**Activity**: Return the listing below unchanged, but without pictures.

**Raw data**:
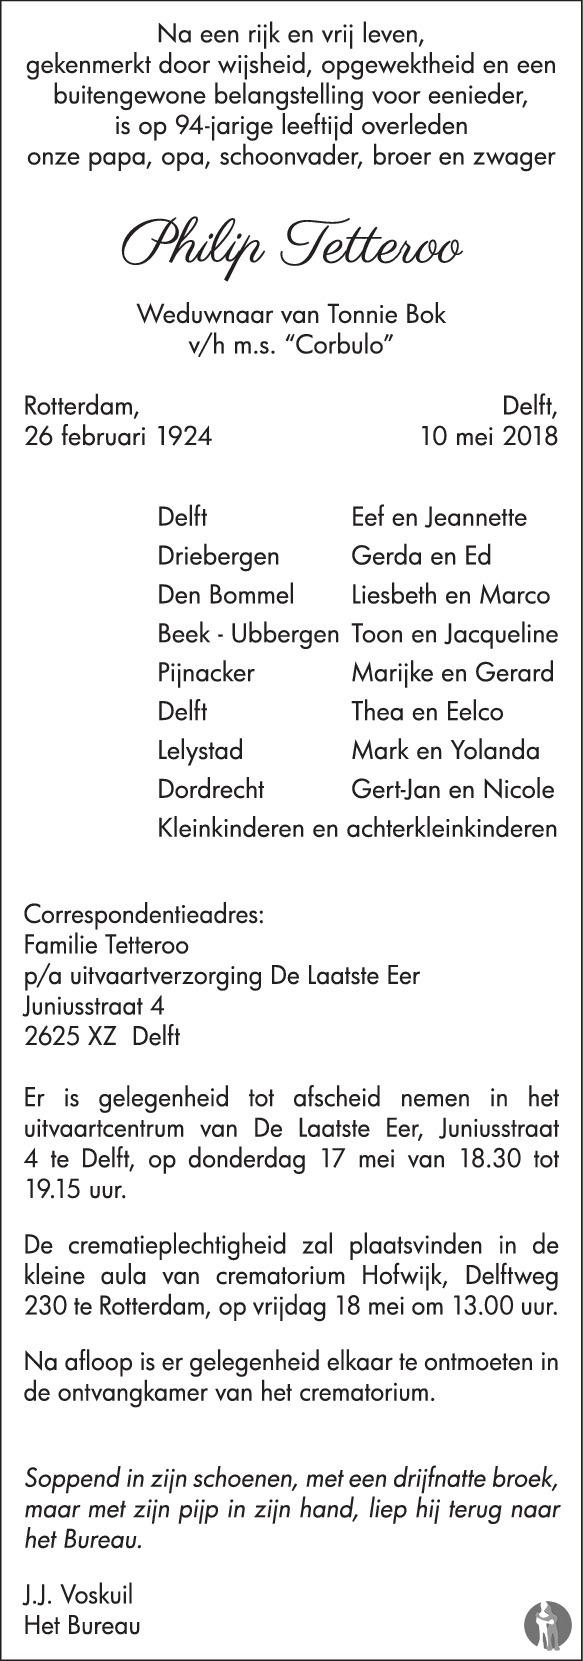 Overlijdensbericht van Philip Tetteroo in Delftse Post
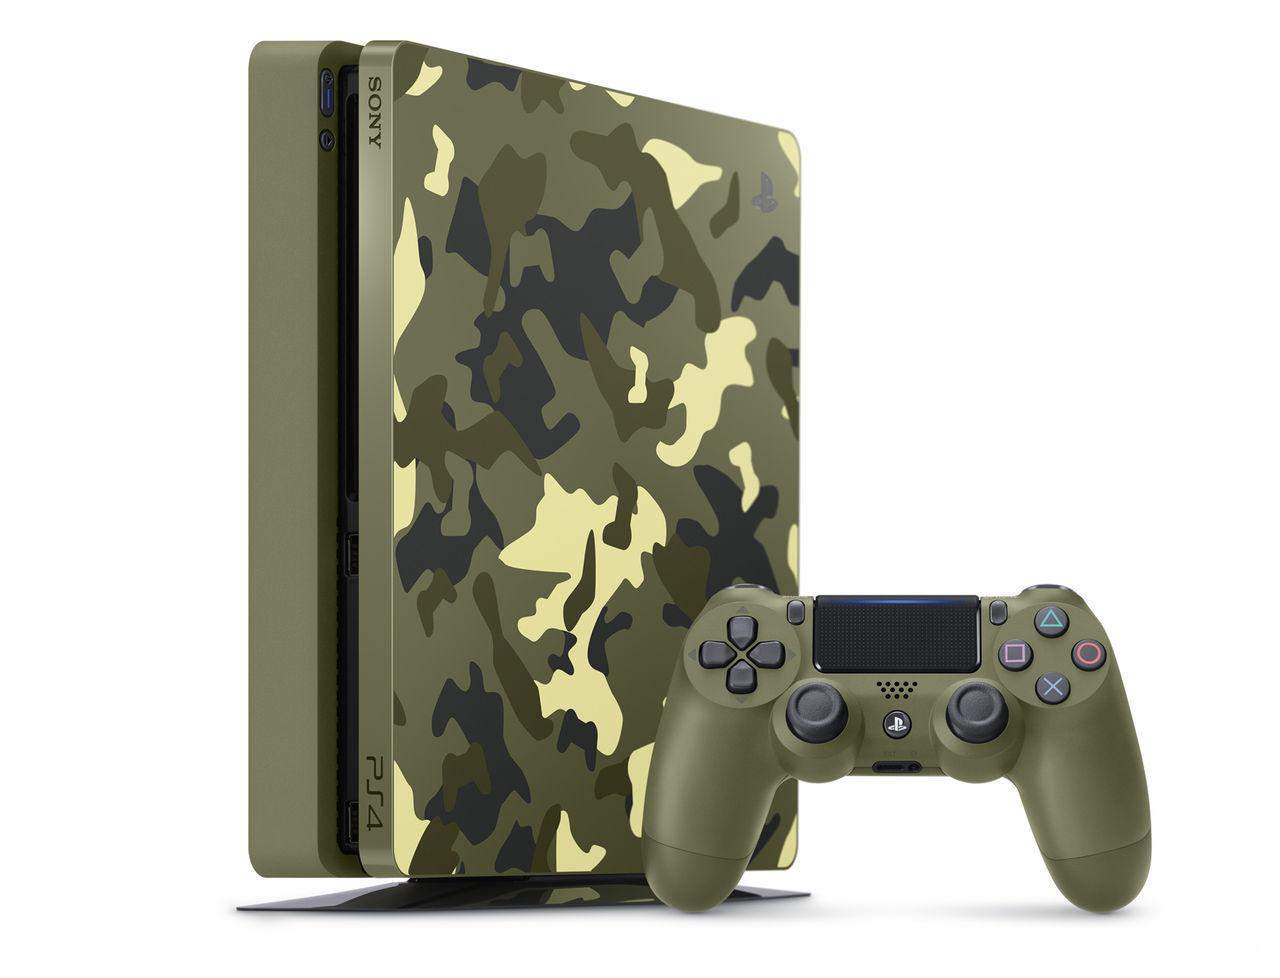 chequea-la-edicion-limitada-call-of-duty-wwii-playstation-4-frikigamers.com
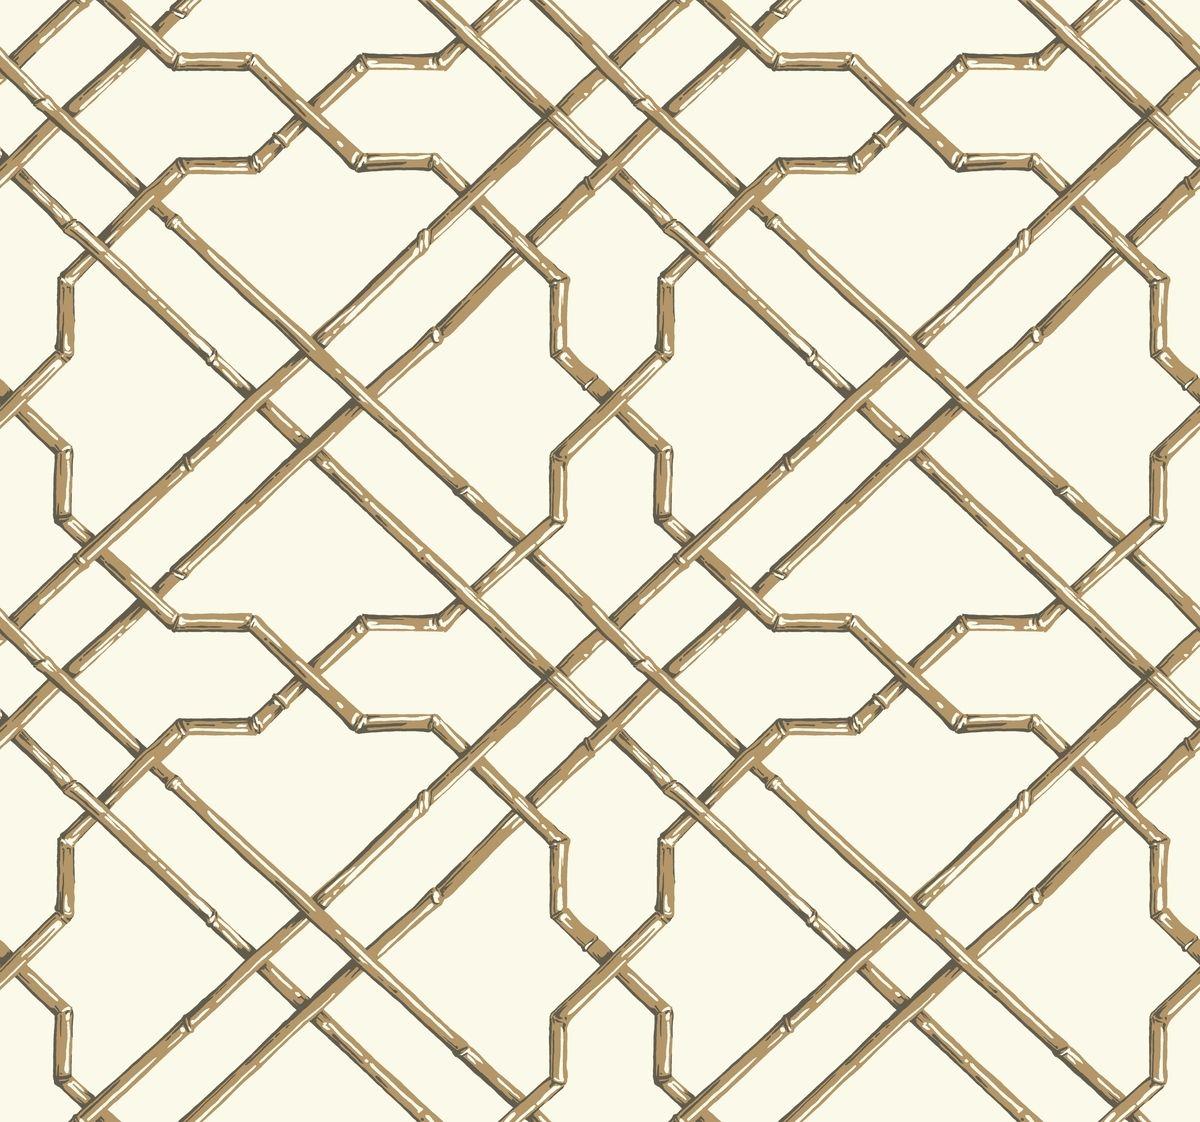 York At7074 Tropics Bamboo Trellis Wallpaper White Tan

**Written answer**:
 Overlijdensbericht van Philip Tetteroo in Delftse Post
 chequea-la-edicion-limitada-call-of-duty-wwii-playstation-4-frikigamers.com
 York At7074 Tropics Bamboo Trellis Wallpaper White Tan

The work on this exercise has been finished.